I use Dawn sometimes,it also helps with fleas


----------



## Freestep (May 1, 2011)

If you don't have dog shampoo, the next best thing is actually dishsoap. Human shampoo (including baby shampoo) has a different pH than dog shampoo, but it certainly won't kill your dog if it's all you have. 

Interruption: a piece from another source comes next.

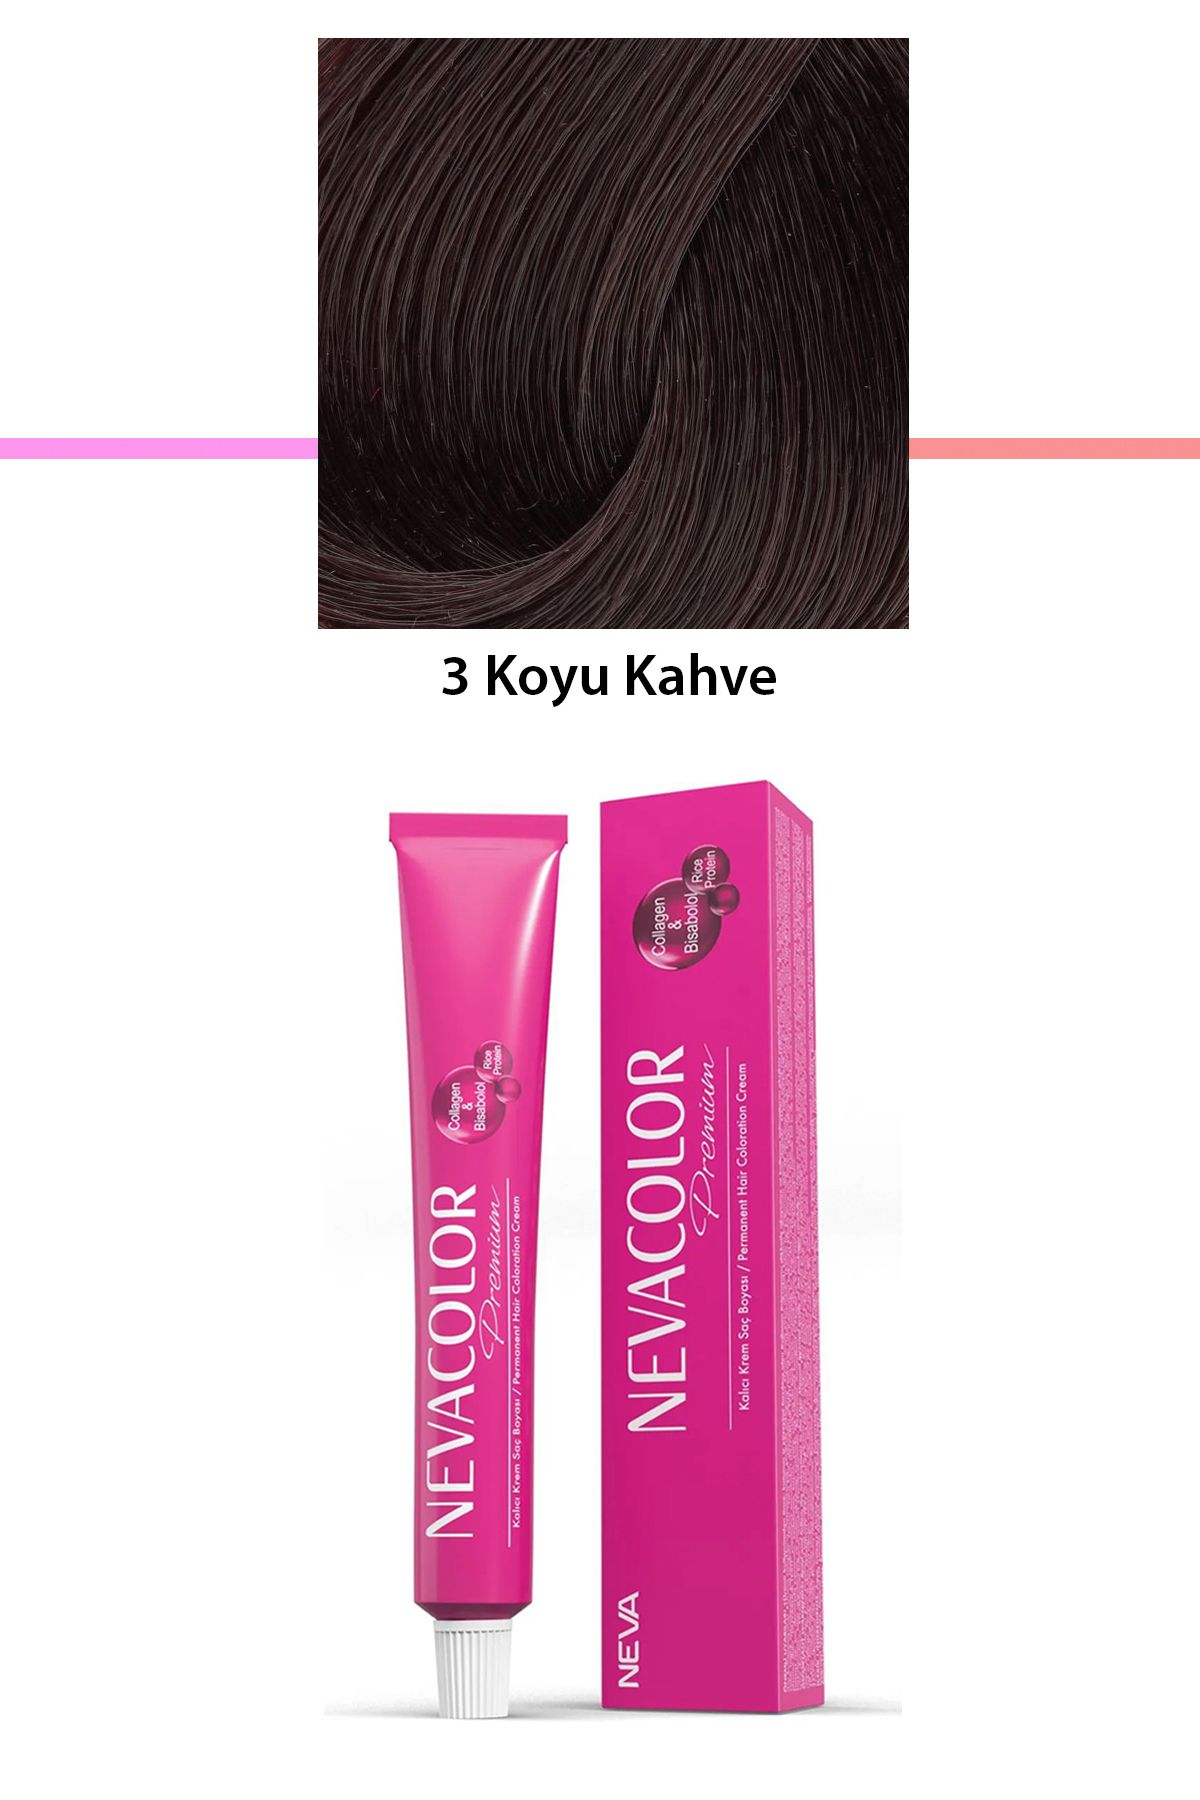 Neva Color Premium 3 Koyu Kahve - Kalıcı Krem Saç Boyası 50 g Tüp

To bring it closer to canine pH, dissolve about 1/3 cup of baking soda in some warm water, then pour this solution into an empty bottle. Fill the bottle almost full, add few squirts of human shampoo, and shake well to mix (be sure the cap is closed tight). Use this dilute solution as your dog shampoo.


----------



## doggiedad (Dec 2, 2007)

if you can't find shampoo give her a bath usuing warm water. i can
understand needing a bath for dirt but what did she do to become smelly?



Abi's mom said:


> Abi needs a bath! She got dirty from our camping trip and is stinky! We are a long way from a store and I'm out of dog shampoo. Can I use baby shampoo this 1 time?


----------



## Zeeva (Aug 10, 2010)

Freestep said:


> If you don't have dog shampoo, the next best thing is actually dishsoap. Human shampoo (including baby shampoo) has a different pH than dog shampoo, but it certainly won't kill your dog if it's all you have.
> 
> To bring it closer to canine pH, dissolve about 1/3 cup of baking soda in some warm water, then pour this solution into an empty bottle. Fill the bottle almost full, add few squirts of human shampoo, and shake well to mix (be sure the cap is closed tight). Use this dilute solution as your dog shampoo.


Is human conditioner ok to use on dogs? Or is that a big NO NO?


----------